Thanks for the info, I am not purposefully spreading misinformation about Palmetto. For many years, it seemed that Palmetto & UTMB were pretty well-known for having very little call as well as not having IM inpatient months. And as far as I knew, that was still the case. But good to know it's changed.
 
Thanks for the info, I am not purposefully spreading misinformation about Palmetto. For many years, it seemed that Palmetto & UTMB were pretty well-known for having very little call as well as not having IM inpatient months. And as far as I knew, that was still the case. But good to know it's changed.
Also, Iowa requires true inpatient IM and the pts on the IM/psych unit have IM pathology that you’re expected to manage that you would encounter on pretty any general IM ward (e.g., NSTEMI, AKI, CKD, COPD, etc).
 
My IM and FM inpatient months weren’t bad at all. Psych ER and inpatient psych have been way more stressful and busier. My PD loves using that line that we’re doctors first, but ALWAYS forces us to consult medicine for any little thing instead of letting us take care of it.

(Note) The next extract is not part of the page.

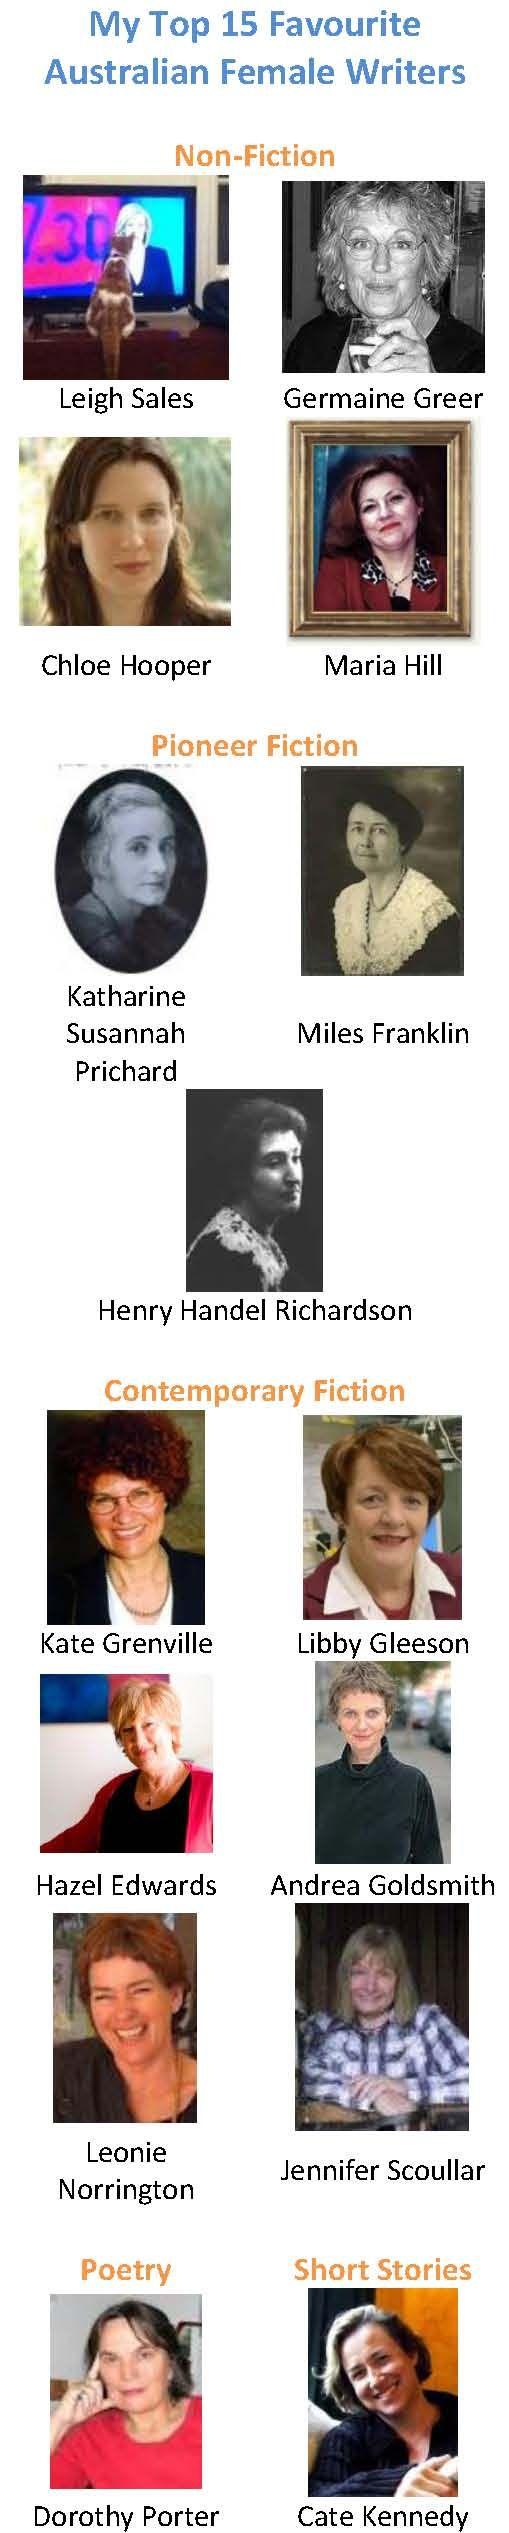 My Top 15 Favourite Australian Female Writers

My program is actually the opposite. One of my early inpt psych rotations the nurses told me a patient had a BP of ~165/100 which wasn't all that high for him when I checked. I was going to manage it myself (having just come off 2 months of IM) but they insisted I consult the IM team to get him moved off the unit since systolics>160 aren't supposed to stay on the unit. Asked my attending if he wanted me to place an IM consult and he looked at me and said, "Why? You're a doctor, aren't you?" Have seen this quite a few times on that rotation as we commonly manage BP, DM, and plenty of other non-psych meds for the inpatients. We typically only consult IM if we need a stat consult and most of our residents seem pretty comfortable managing the minor med stuff along with psych, which I appreciate a lot (and so do our other services).
 
A lot of this is going to depend on the individual psych doctor. I have noticed that in general, poor medical knowledge does translate to poor psych knowledge as well. I've also noticed the psychiatrists that didn't know their medicine well, there was also a higher correlation with the type of idiot psychiatrists that prescribed on a whim. E.g. "I prescribed Seroquel cause I can tell the patient's blue and Seroquel's pink." Yes I actually did hear that out of a colleague's mouth, and yes I did ask her what did she mean by that, to which she responded, "psychiatry isn't a science, it's an art." (She also said the patient was "blue" because "I can just sense these things" and no she didn't mean depression. The patient wasn't depressed).

Yes I've seen good psychiatrists use that "psychiatrist is an art" line but because of the above, I cringe when I hear that line even from a good psychiatrist.

It goes to a bottom line. Does the physician actually believe in evidenced-based medicine? Cause heck if you do, you're not going to likely separate good evidenced based IM vs good evidenced based psych especially when we see so much IM in our faces so often.